# Recorded information:
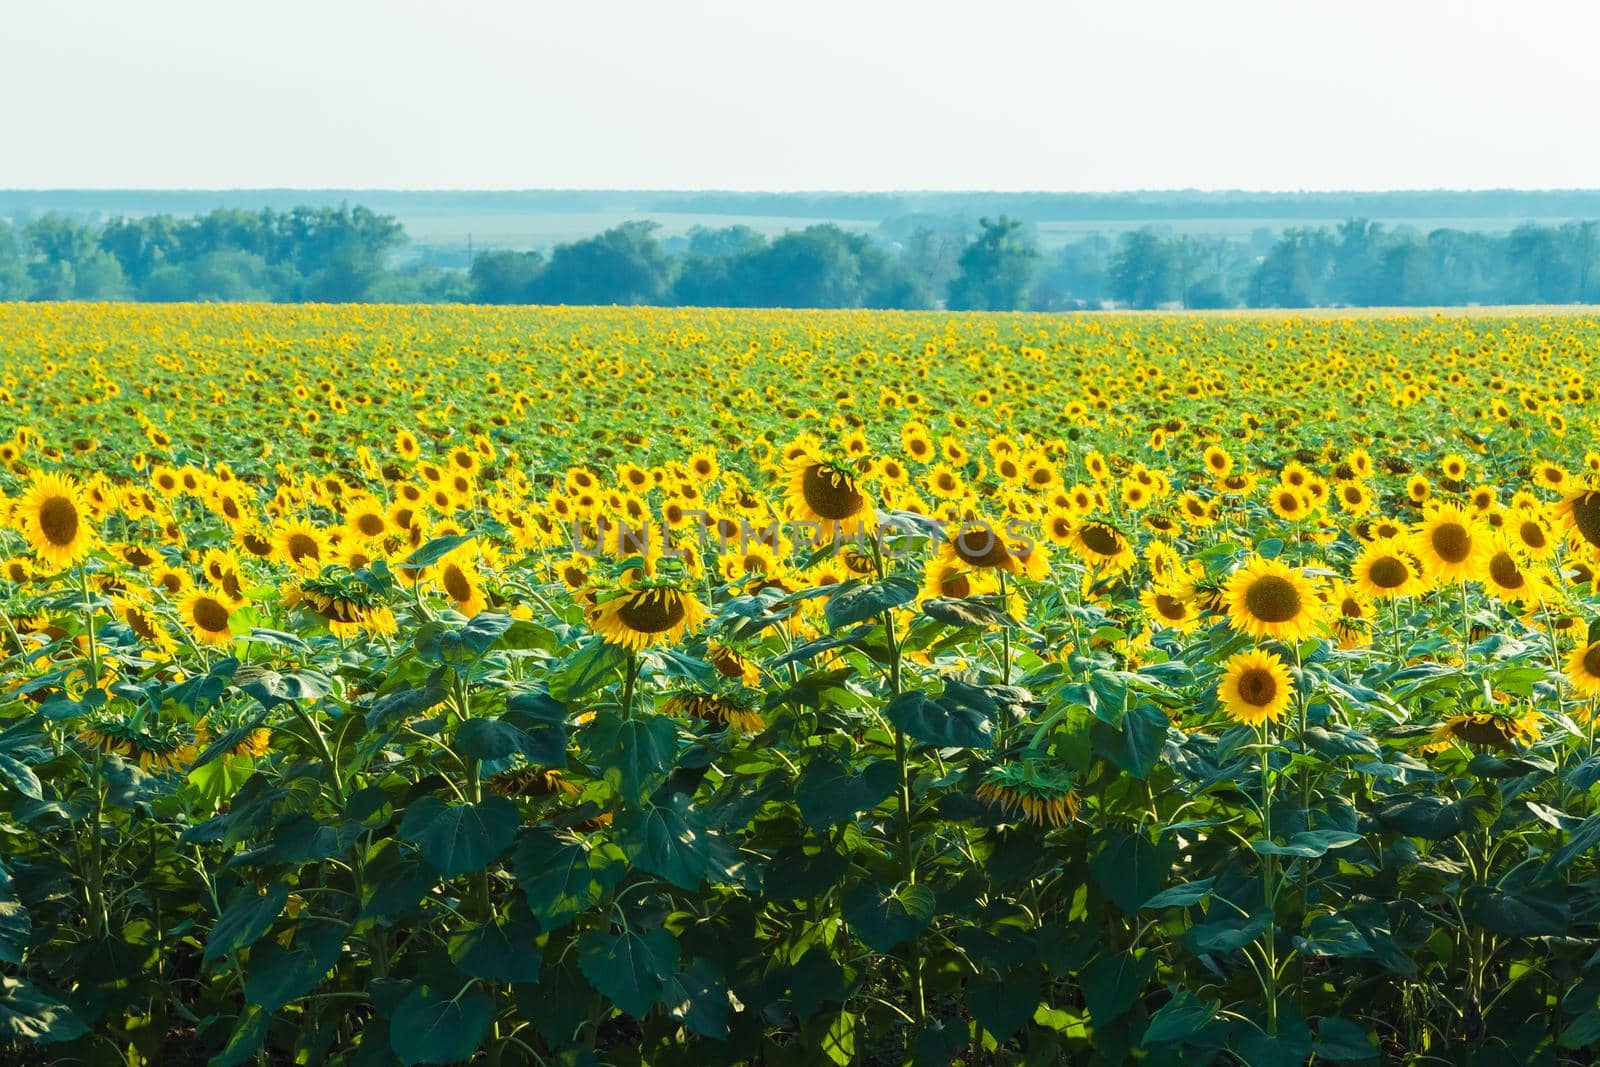 A field of large yellow sunflowers in summer. Yellow petals glow through the sun.
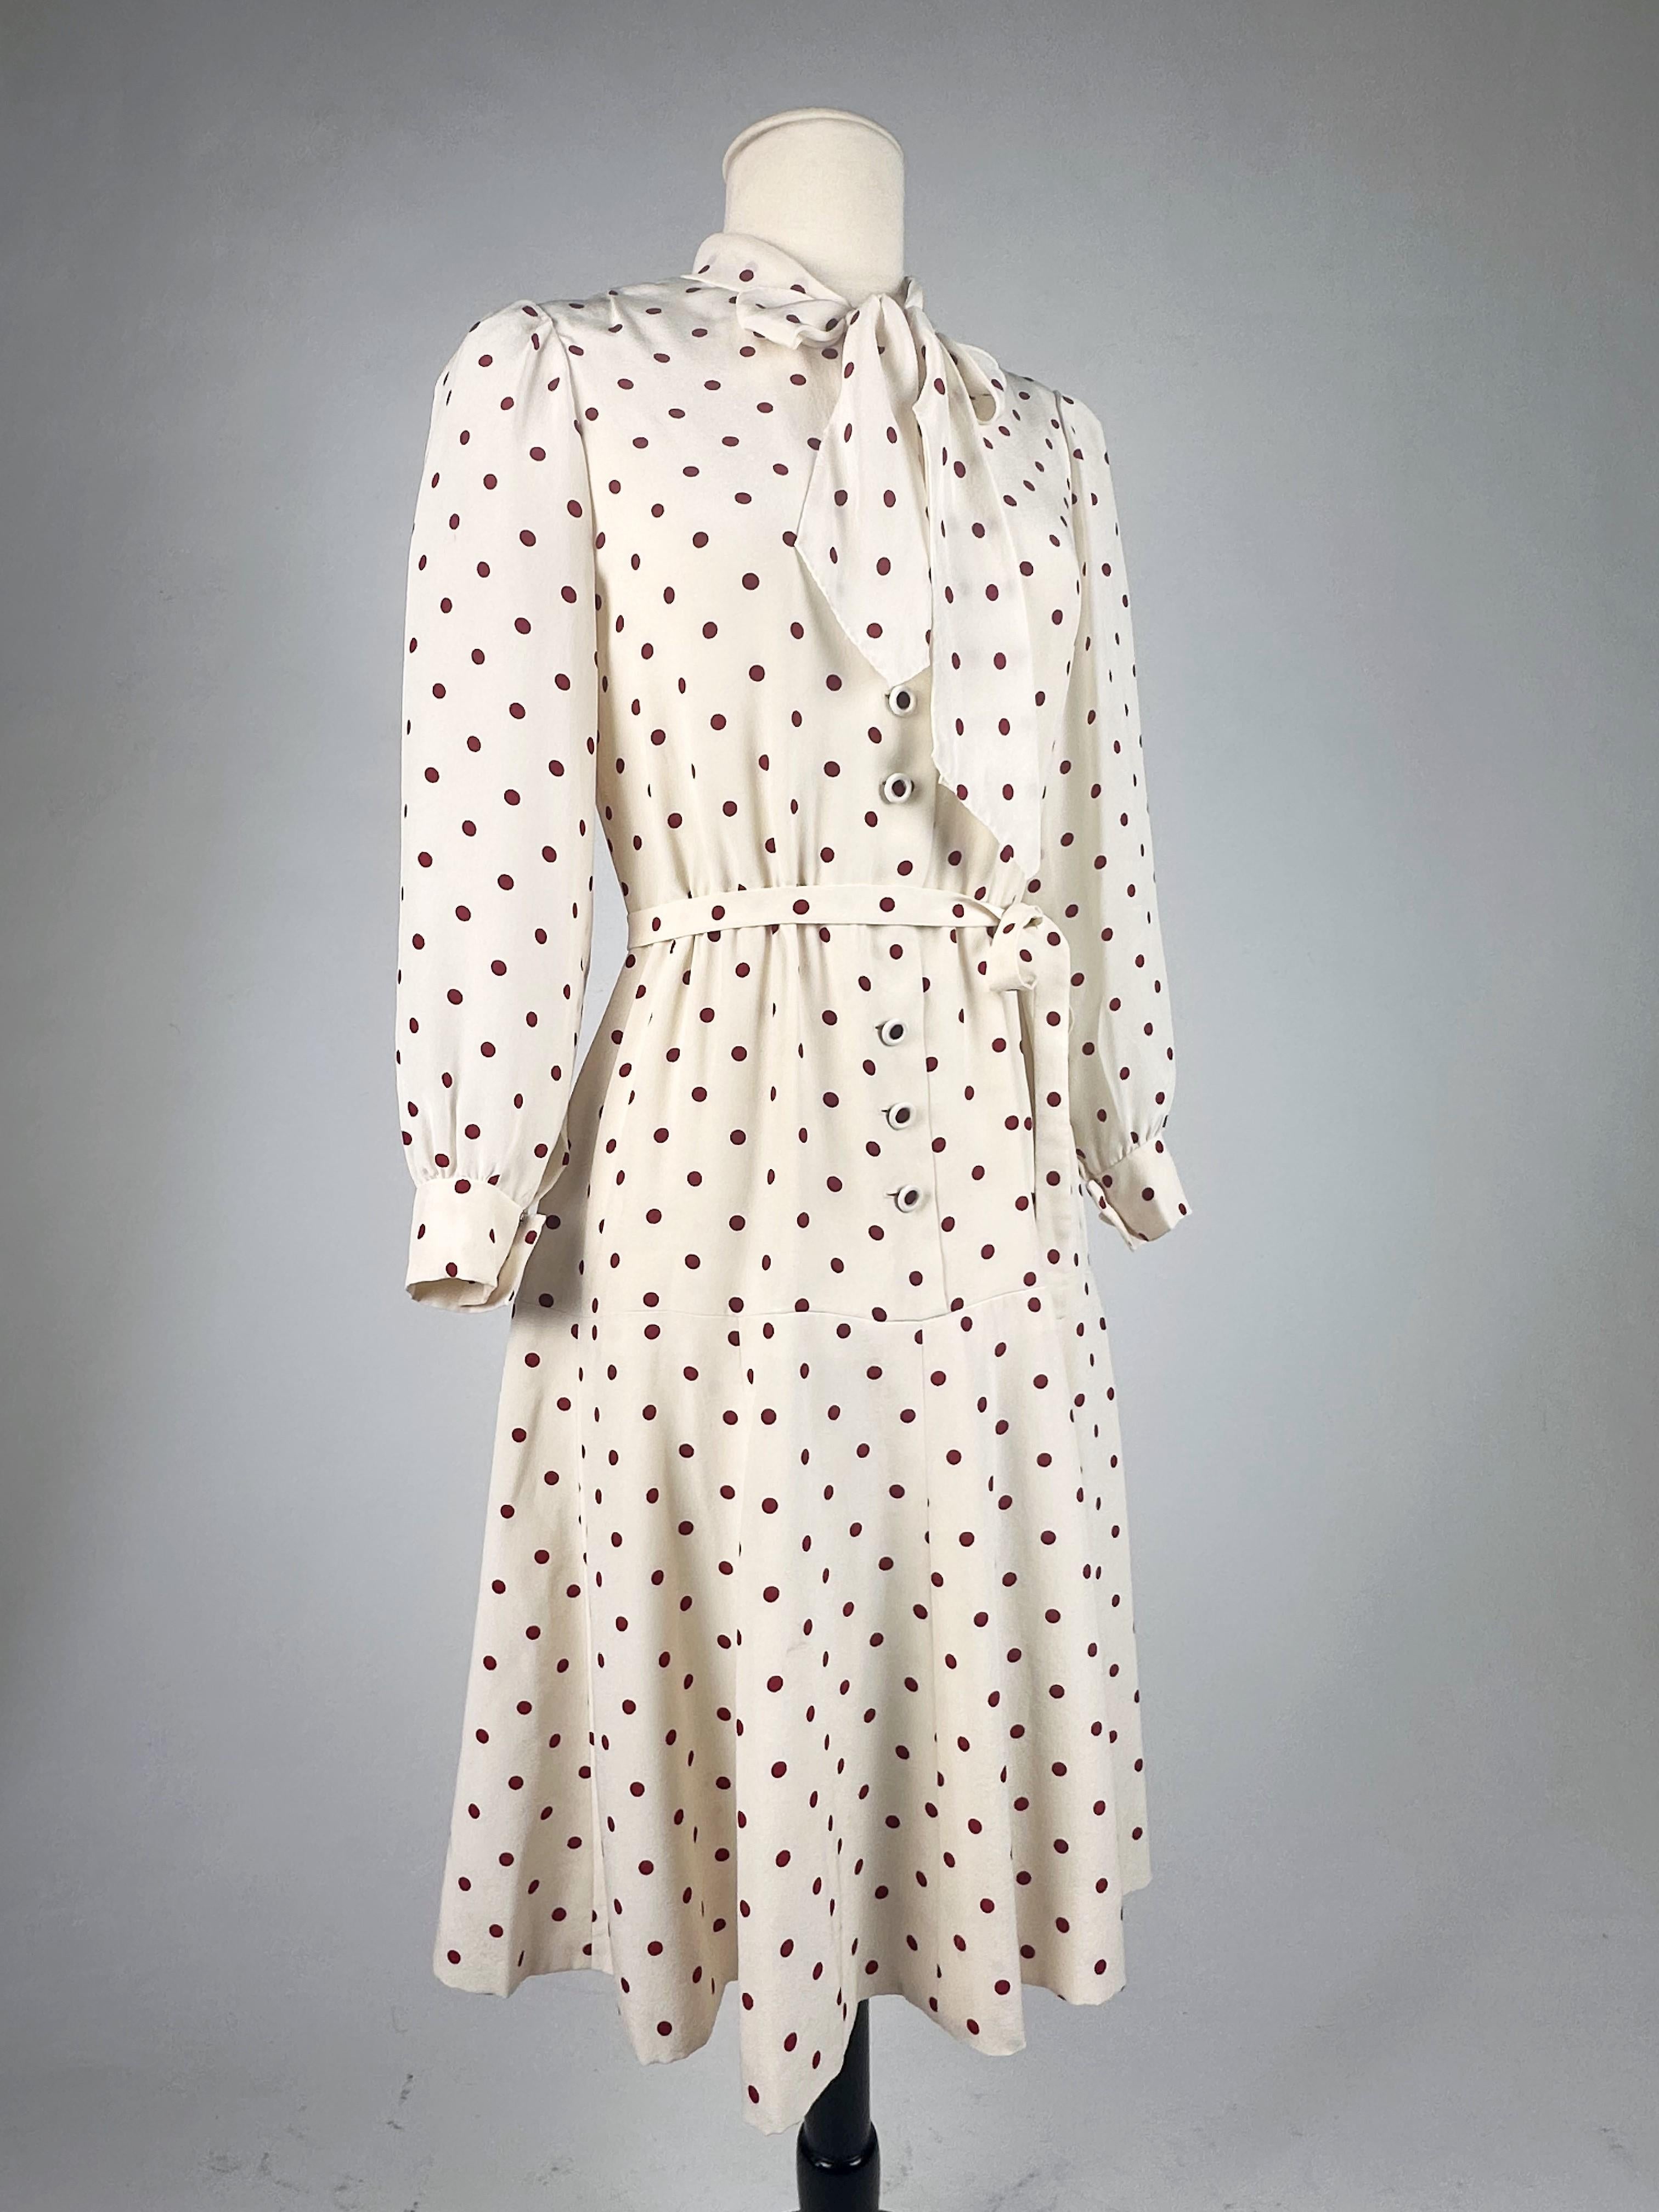 A Polka Dots crepe cocktail dress by Chanel Haute Couture numbered 59644 C. 1975 For Sale 4
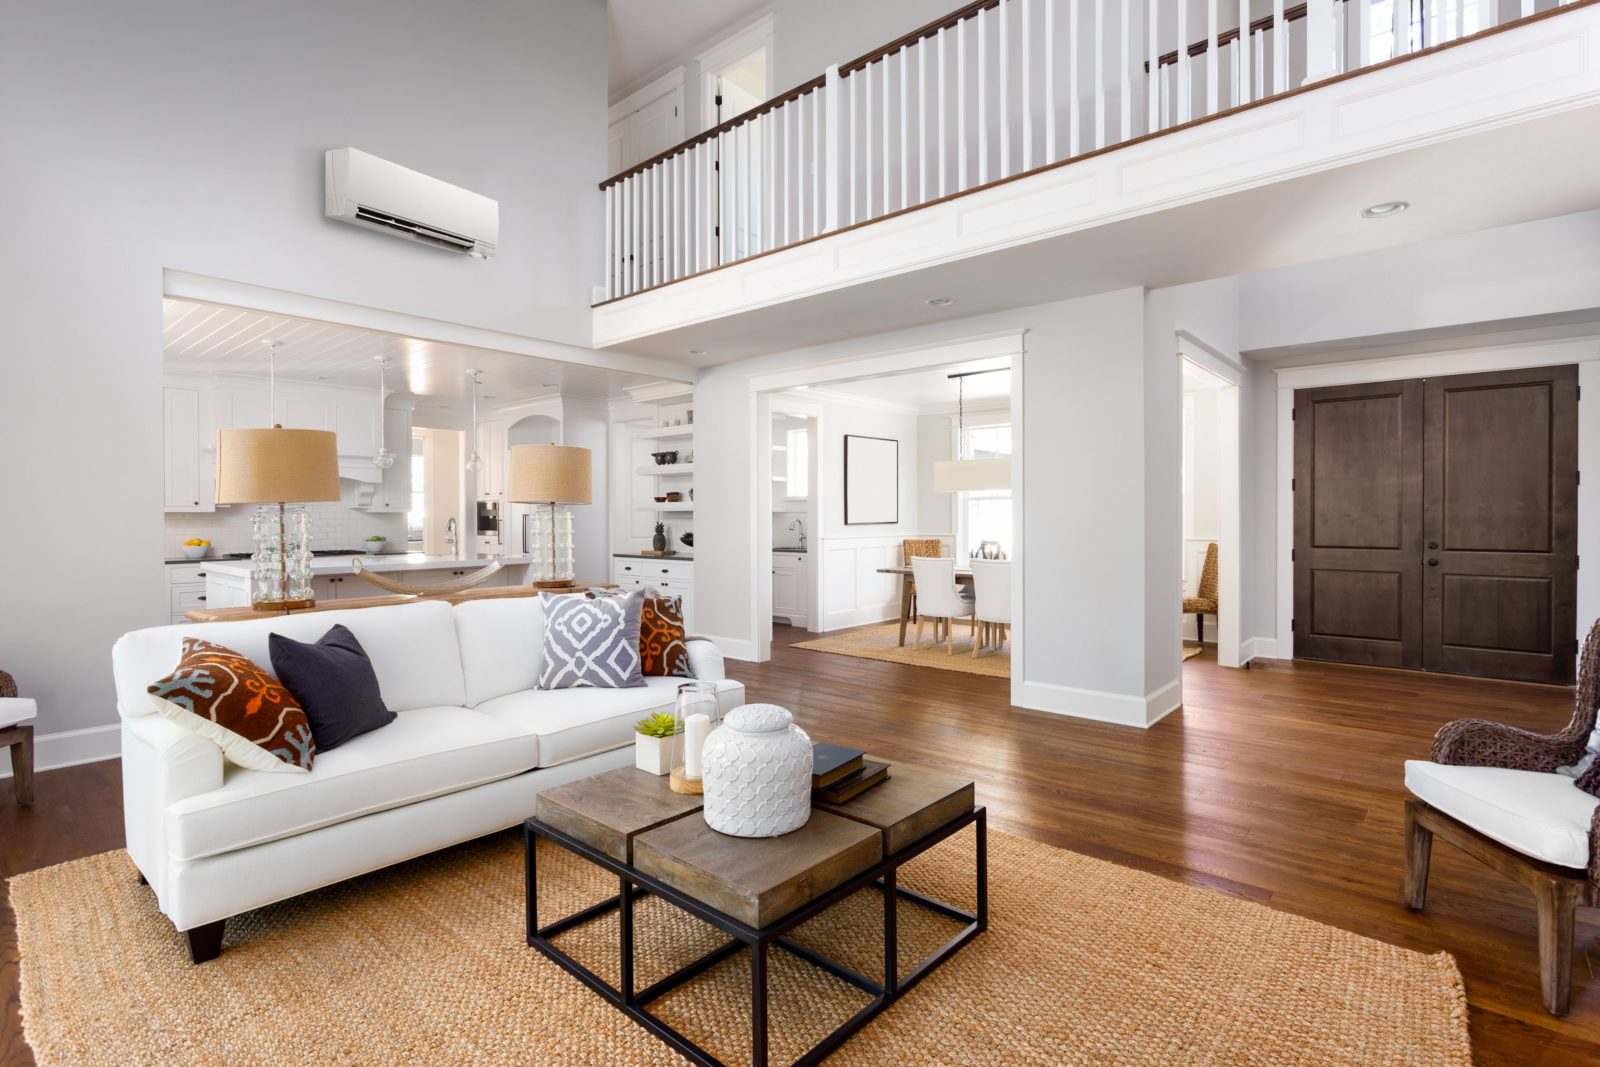 Mitsubishi Electric ductless mini-splits in Central New Jersey

# Description of the task:
What you write must match, line for line, the lines from the one with "A Polka Dots" through the last line of the data above, minus the pictures.

# Response to this task:
 A Polka Dots crepe cocktail dress by Chanel Haute Couture numbered 59644 C. 1975 For Sale 4
 Mitsubishi Electric ductless mini-splits in Central New Jersey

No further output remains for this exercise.